---------- GIVEN RECORDS ----------

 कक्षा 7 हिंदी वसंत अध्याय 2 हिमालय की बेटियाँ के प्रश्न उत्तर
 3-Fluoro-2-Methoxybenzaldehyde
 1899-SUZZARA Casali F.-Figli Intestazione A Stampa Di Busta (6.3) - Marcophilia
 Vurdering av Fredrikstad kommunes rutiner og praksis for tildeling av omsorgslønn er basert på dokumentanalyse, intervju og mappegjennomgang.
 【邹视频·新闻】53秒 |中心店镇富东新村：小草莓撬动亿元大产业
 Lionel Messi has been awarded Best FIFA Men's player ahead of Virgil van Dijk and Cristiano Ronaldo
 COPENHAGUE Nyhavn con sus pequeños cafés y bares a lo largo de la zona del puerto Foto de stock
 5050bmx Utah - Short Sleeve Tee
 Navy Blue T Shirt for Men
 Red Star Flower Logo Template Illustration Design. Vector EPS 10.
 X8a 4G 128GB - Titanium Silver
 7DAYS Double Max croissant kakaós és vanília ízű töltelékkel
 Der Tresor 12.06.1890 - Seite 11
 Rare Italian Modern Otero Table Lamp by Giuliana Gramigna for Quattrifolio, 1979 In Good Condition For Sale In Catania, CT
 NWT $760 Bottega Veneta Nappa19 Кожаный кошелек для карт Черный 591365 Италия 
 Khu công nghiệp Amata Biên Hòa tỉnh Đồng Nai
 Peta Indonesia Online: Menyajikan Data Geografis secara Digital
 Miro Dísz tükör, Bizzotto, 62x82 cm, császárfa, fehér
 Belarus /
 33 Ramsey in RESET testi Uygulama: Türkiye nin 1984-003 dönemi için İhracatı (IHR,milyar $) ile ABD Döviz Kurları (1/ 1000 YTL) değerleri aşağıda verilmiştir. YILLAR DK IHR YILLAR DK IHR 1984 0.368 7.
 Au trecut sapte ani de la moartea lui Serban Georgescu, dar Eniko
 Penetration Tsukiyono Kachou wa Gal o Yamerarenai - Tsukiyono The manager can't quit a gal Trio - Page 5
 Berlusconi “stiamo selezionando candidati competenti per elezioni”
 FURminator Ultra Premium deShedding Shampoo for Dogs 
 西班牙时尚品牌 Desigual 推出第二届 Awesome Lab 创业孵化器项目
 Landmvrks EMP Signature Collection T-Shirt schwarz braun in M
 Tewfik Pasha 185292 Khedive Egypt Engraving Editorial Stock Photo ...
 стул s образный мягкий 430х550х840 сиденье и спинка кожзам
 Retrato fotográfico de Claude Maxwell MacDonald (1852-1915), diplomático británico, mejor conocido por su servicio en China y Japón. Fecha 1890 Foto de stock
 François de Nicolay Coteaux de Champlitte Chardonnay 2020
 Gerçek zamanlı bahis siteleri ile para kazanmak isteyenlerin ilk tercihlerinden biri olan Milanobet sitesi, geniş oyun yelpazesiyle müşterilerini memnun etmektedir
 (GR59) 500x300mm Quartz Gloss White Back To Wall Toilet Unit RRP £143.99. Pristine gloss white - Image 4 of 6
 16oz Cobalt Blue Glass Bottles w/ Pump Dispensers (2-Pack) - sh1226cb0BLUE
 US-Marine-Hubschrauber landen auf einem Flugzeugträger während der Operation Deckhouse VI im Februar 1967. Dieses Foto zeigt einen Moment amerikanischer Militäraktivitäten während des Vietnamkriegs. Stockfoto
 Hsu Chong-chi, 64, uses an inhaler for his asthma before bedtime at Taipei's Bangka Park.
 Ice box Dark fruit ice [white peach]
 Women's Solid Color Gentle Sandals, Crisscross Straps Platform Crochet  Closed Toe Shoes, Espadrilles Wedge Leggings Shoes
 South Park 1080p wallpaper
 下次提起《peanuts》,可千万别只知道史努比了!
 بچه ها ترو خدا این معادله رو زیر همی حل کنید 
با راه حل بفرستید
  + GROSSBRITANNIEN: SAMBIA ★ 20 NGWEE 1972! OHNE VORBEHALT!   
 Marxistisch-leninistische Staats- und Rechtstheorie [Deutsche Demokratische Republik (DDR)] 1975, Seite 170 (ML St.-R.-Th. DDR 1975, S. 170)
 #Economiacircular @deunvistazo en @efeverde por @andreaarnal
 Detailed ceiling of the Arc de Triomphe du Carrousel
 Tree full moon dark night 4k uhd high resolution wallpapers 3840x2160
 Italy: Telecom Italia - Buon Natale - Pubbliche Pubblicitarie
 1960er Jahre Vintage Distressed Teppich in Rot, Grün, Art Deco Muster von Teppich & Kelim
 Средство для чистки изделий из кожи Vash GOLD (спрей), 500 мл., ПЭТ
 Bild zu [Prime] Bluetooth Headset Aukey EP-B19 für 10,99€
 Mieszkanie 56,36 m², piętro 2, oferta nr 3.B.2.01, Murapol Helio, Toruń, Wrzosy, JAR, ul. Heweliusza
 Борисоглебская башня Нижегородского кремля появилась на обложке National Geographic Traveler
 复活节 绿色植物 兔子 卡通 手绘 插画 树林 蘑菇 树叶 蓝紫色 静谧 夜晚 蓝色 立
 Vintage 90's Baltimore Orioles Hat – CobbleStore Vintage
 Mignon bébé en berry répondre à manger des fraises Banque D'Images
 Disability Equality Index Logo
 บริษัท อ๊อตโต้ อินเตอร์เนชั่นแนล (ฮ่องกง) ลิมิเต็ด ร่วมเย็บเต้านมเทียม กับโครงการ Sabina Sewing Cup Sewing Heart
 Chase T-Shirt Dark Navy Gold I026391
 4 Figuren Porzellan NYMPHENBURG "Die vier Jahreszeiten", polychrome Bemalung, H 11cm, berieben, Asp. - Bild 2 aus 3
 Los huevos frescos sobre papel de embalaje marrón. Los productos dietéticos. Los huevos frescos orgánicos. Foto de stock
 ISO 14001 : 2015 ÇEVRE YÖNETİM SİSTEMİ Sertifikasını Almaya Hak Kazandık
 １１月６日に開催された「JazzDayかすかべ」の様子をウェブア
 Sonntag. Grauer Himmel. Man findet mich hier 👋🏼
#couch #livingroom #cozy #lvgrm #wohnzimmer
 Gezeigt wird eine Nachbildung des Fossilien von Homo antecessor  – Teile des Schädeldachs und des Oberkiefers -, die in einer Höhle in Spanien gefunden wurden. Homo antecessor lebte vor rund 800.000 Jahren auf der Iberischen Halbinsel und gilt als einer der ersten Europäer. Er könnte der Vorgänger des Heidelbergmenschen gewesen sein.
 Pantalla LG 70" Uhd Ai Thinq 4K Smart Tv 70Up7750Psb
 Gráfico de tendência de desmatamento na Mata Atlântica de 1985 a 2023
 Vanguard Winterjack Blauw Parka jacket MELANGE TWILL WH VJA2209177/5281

----------

● **WHAT IS BEING ASKED**
Word for word, write out the data.

● **ANSWER SPACE**
 कक्षा 7 हिंदी वसंत अध्याय 2 हिमालय की बेटियाँ के प्रश्न उत्तर
 3-Fluoro-2-Methoxybenzaldehyde
 1899-SUZZARA Casali F.-Figli Intestazione A Stampa Di Busta (6.3) - Marcophilia
 Vurdering av Fredrikstad kommunes rutiner og praksis for tildeling av omsorgslønn er basert på dokumentanalyse, intervju og mappegjennomgang.
 【邹视频·新闻】53秒 |中心店镇富东新村：小草莓撬动亿元大产业
 Lionel Messi has been awarded Best FIFA Men's player ahead of Virgil van Dijk and Cristiano Ronaldo
 COPENHAGUE Nyhavn con sus pequeños cafés y bares a lo largo de la zona del puerto Foto de stock
 5050bmx Utah - Short Sleeve Tee
 Navy Blue T Shirt for Men
 Red Star Flower Logo Template Illustration Design. Vector EPS 10.
 X8a 4G 128GB - Titanium Silver
 7DAYS Double Max croissant kakaós és vanília ízű töltelékkel
 Der Tresor 12.06.1890 - Seite 11
 Rare Italian Modern Otero Table Lamp by Giuliana Gramigna for Quattrifolio, 1979 In Good Condition For Sale In Catania, CT
 NWT $760 Bottega Veneta Nappa19 Кожаный кошелек для карт Черный 591365 Италия 
 Khu công nghiệp Amata Biên Hòa tỉnh Đồng Nai
 Peta Indonesia Online: Menyajikan Data Geografis secara Digital
 Miro Dísz tükör, Bizzotto, 62x82 cm, császárfa, fehér
 Belarus /
 33 Ramsey in RESET testi Uygulama: Türkiye nin 1984-003 dönemi için İhracatı (IHR,milyar $) ile ABD Döviz Kurları (1/ 1000 YTL) değerleri aşağıda verilmiştir. YILLAR DK IHR YILLAR DK IHR 1984 0.368 7.
 Au trecut sapte ani de la moartea lui Serban Georgescu, dar Eniko
 Penetration Tsukiyono Kachou wa Gal o Yamerarenai - Tsukiyono The manager can't quit a gal Trio - Page 5
 Berlusconi “stiamo selezionando candidati competenti per elezioni”
 FURminator Ultra Premium deShedding Shampoo for Dogs 
 西班牙时尚品牌 Desigual 推出第二届 Awesome Lab 创业孵化器项目
 Landmvrks EMP Signature Collection T-Shirt schwarz braun in M
 Tewfik Pasha 185292 Khedive Egypt Engraving Editorial Stock Photo ...
 стул s образный мягкий 430х550х840 сиденье и спинка кожзам
 Retrato fotográfico de Claude Maxwell MacDonald (1852-1915), diplomático británico, mejor conocido por su servicio en China y Japón. Fecha 1890 Foto de stock
 François de Nicolay Coteaux de Champlitte Chardonnay 2020
 Gerçek zamanlı bahis siteleri ile para kazanmak isteyenlerin ilk tercihlerinden biri olan Milanobet sitesi, geniş oyun yelpazesiyle müşterilerini memnun etmektedir
 (GR59) 500x300mm Quartz Gloss White Back To Wall Toilet Unit RRP £143.99. Pristine gloss white - Image 4 of 6
 16oz Cobalt Blue Glass Bottles w/ Pump Dispensers (2-Pack) - sh1226cb0BLUE
 US-Marine-Hubschrauber landen auf einem Flugzeugträger während der Operation Deckhouse VI im Februar 1967. Dieses Foto zeigt einen Moment amerikanischer Militäraktivitäten während des Vietnamkriegs. Stockfoto
 Hsu Chong-chi, 64, uses an inhaler for his asthma before bedtime at Taipei's Bangka Park.
 Ice box Dark fruit ice [white peach]
 Women's Solid Color Gentle Sandals, Crisscross Straps Platform Crochet  Closed Toe Shoes, Espadrilles Wedge Leggings Shoes
 South Park 1080p wallpaper
 下次提起《peanuts》,可千万别只知道史努比了!
 بچه ها ترو خدا این معادله رو زیر همی حل کنید 
با راه حل بفرستید
  + GROSSBRITANNIEN: SAMBIA ★ 20 NGWEE 1972! OHNE VORBEHALT!   
 Marxistisch-leninistische Staats- und Rechtstheorie [Deutsche Demokratische Republik (DDR)] 1975, Seite 170 (ML St.-R.-Th. DDR 1975, S. 170)
 #Economiacircular @deunvistazo en @efeverde por @andreaarnal
 Detailed ceiling of the Arc de Triomphe du Carrousel
 Tree full moon dark night 4k uhd high resolution wallpapers 3840x2160
 Italy: Telecom Italia - Buon Natale - Pubbliche Pubblicitarie
 1960er Jahre Vintage Distressed Teppich in Rot, Grün, Art Deco Muster von Teppich & Kelim
 Средство для чистки изделий из кожи Vash GOLD (спрей), 500 мл., ПЭТ
 Bild zu [Prime] Bluetooth Headset Aukey EP-B19 für 10,99€
 Mieszkanie 56,36 m², piętro 2, oferta nr 3.B.2.01, Murapol Helio, Toruń, Wrzosy, JAR, ul. Heweliusza
 Борисоглебская башня Нижегородского кремля появилась на обложке National Geographic Traveler
 复活节 绿色植物 兔子 卡通 手绘 插画 树林 蘑菇 树叶 蓝紫色 静谧 夜晚 蓝色 立
 Vintage 90's Baltimore Orioles Hat – CobbleStore Vintage
 Mignon bébé en berry répondre à manger des fraises Banque D'Images
 Disability Equality Index Logo
 บริษัท อ๊อตโต้ อินเตอร์เนชั่นแนล (ฮ่องกง) ลิมิเต็ด ร่วมเย็บเต้านมเทียม กับโครงการ Sabina Sewing Cup Sewing Heart
 Chase T-Shirt Dark Navy Gold I026391
 4 Figuren Porzellan NYMPHENBURG "Die vier Jahreszeiten", polychrome Bemalung, H 11cm, berieben, Asp. - Bild 2 aus 3
 Los huevos frescos sobre papel de embalaje marrón. Los productos dietéticos. Los huevos frescos orgánicos. Foto de stock
 ISO 14001 : 2015 ÇEVRE YÖNETİM SİSTEMİ Sertifikasını Almaya Hak Kazandık
 １１月６日に開催された「JazzDayかすかべ」の様子をウェブア
 Sonntag. Grauer Himmel. Man findet mich hier 👋🏼
#couch #livingroom #cozy #lvgrm #wohnzimmer
 Gezeigt wird eine Nachbildung des Fossilien von Homo antecessor  – Teile des Schädeldachs und des Oberkiefers -, die in einer Höhle in Spanien gefunden wurden. Homo antecessor lebte vor rund 800.000 Jahren auf der Iberischen Halbinsel und gilt als einer der ersten Europäer. Er könnte der Vorgänger des Heidelbergmenschen gewesen sein.
 Pantalla LG 70" Uhd Ai Thinq 4K Smart Tv 70Up7750Psb
 Gráfico de tendência de desmatamento na Mata Atlântica de 1985 a 2023
 Vanguard Winterjack Blauw Parka jacket MELANGE TWILL WH VJA2209177/5281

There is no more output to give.